When she felt well enough to continue, she began her work with Life magazine. Her first was a collaboration with Ansel Adams documenting a Mormon Community. She then escaped to Ireland where she planned to capture the true “old country” way of life. Lange chose to keep all of her Ireland photographs untitled because of her connection with the country. This trip gave Lange the opportunity to get back to her old way of photographing the emotion and honest inner person. She felt a connection not only with the people, but also with the soil of Ireland itself. This connection is clearly shown in each work from this period. It was said that Lange’s pictures “are Ireland, her heart and soul.” and that the people seem to “be” Ireland also. They work in the soil as a part of life, resulting in the soil and the people becoming one.

Lange’s quote accompanying the above photograph encapsulates the entire essence of Ireland, the people, and what she was trying to do. She was quoted saying “I saw a dark figure approaching… and as he passed, he was pure Ireland, he was just made out of that wet, limey soil.”

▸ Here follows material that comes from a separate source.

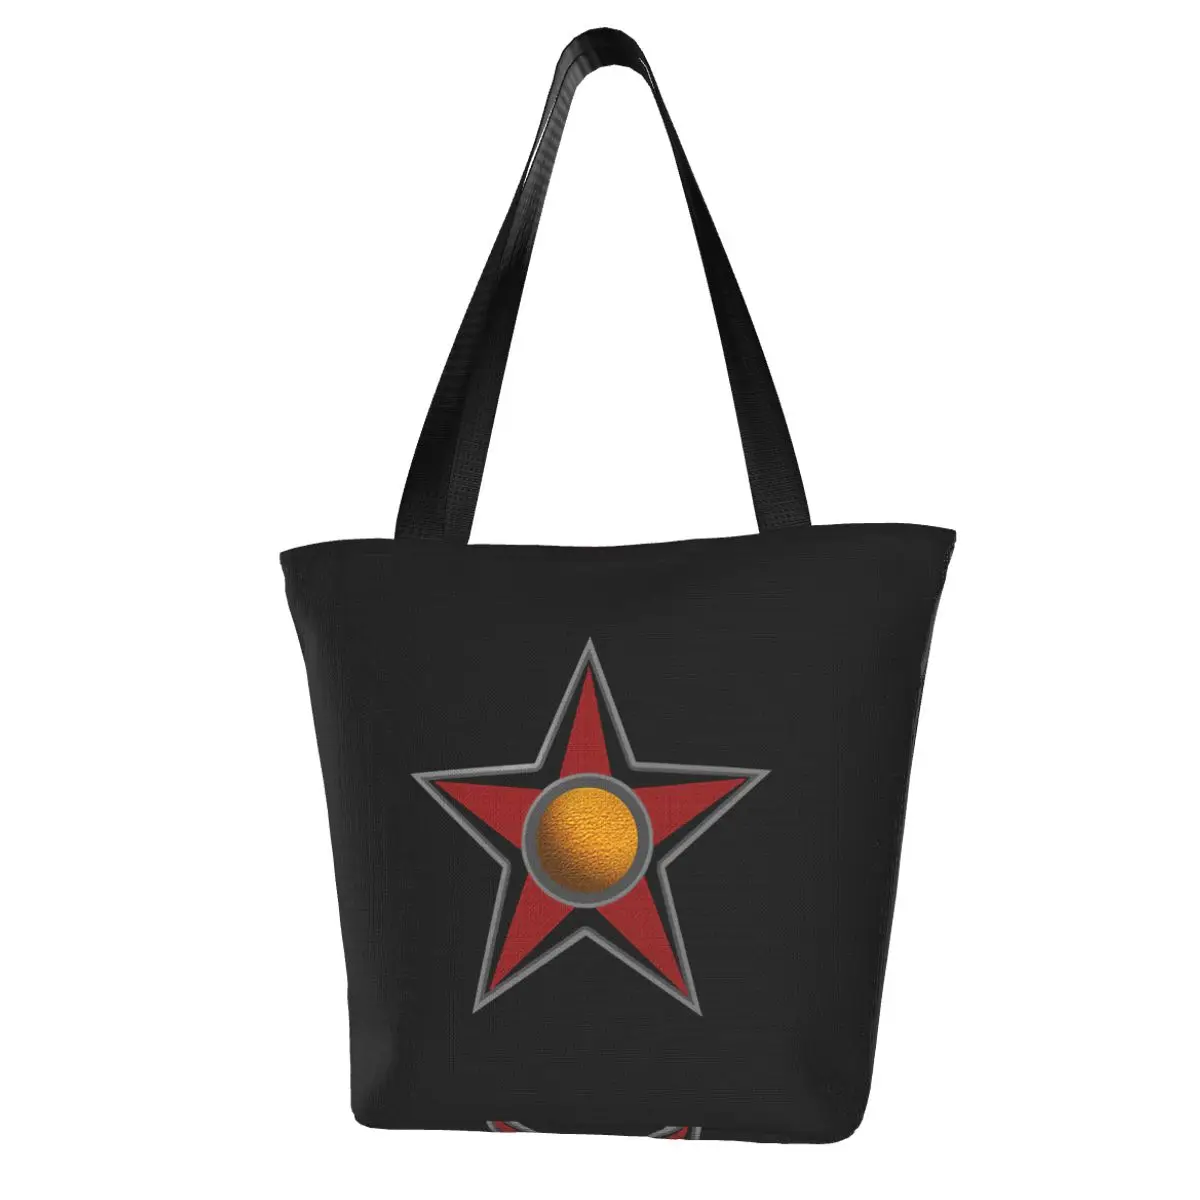 Star Shopping Bag Aesthetic Cloth Outdoor Handbag Female Fashion Bags

In the following years Lange tagged along with her husband in his trips to other countries. She assembled a collection of 500 works from one of the trips to Egypt. In the last two years of her life created an exposition of her work for the Museum of Modern Art, and two films about her incredible life. Lange’s broad and busy life covered many years and many different events. Each contributed to her popularity and success. Due to cancer, Dorothea Lange passed away on October 11, 1965. Her work has preceded her reputation around the world, and will continue to do so. Her photograph of the migrant mother will continue to influence people for as long as it is reprinted. It relates to the inner feeling of despair in all of us, and carries along the feeling of utter hopelessness of that time.

Dorothea Lange photographed many subjects in her lifetime and, not to our surprise, they are still being reprinted. Lange was quoted many things in her lifetime, but none encapsulates the true essence of her photography like her quote “The camera is an instrument that teaches people how to see without a camera.” This statement helps readers realize the sight Lange had. Her ability to see the beauty and inner self of her subjects is something all of us should try and copy.